Decision will be entered under Rule 155.
All statutory references are to the Internal Revenue Code of 1954, as in effect for the year in issue.
The amounts set forth in the table are only those portions allocable to the land, improvements, and goodwill. The cash received was allocated based upon the relative selling prices of the components sold. The sale of the personal property resulted in a net loss to which the provisions of sec. 453 are not applicable.
Both parties assumed the case of Kirschenmann v. Commissioner, 488 F.2d 270 (9th Cir. 1973), revg. 57 T.C. 524 (1972), was applicable in computing adjusted basis.
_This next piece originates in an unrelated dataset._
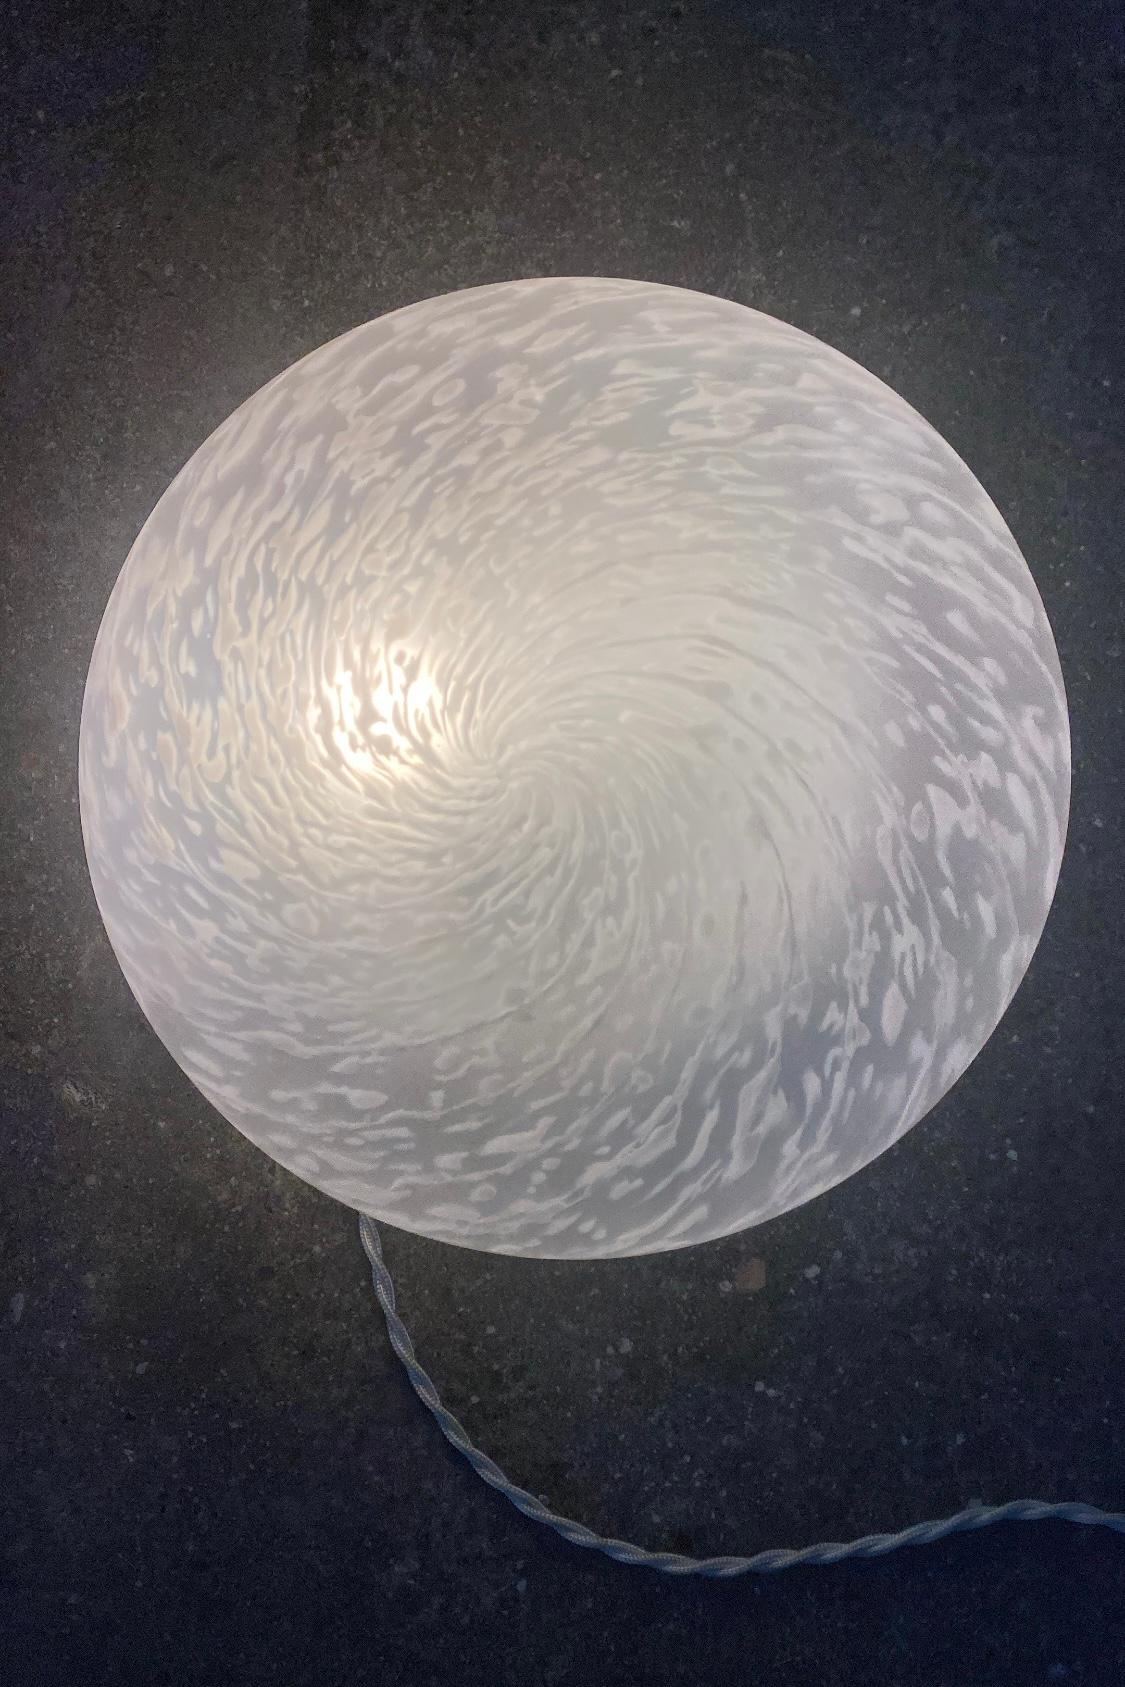 Vintage Murano plafond ceiling lamp / wall lamp. Mouth-blown glass with a satin matte surface and white swirl and white base. E27 socket. Handmade in Italy, 1970s.

D: 30 cm H: 12 cm.

Thus, the adjusted basis figure above includes the $13,100 of selling expenses allocable to the land, improvements, and goodwill.
In Kirsckenmann, the Court of Appeals for the Ninth Circuit held that selling costs were not a direct offset to sales price but rather were an addition to adjusted basis for purposes of sec. 453. The effect of that decision is to make it easier to qualify for the 30-percent limitation of sec. 453(bX2XA) when property sold is subject to mortgages which exceed its adjusted basis in the hands of the vendor.
Respondent states on brief that his acceptance of the rule of Kirsckenmann is only for purposes of this case and that it in no way indicates acceptance of the correctness of that decision.
Under Golsen v. Commissioner, supra, we are bound to follow the rule of the circuit to which appeal of the instant case would lie, i.e., the rule of the Ninth Circuit in Marshall.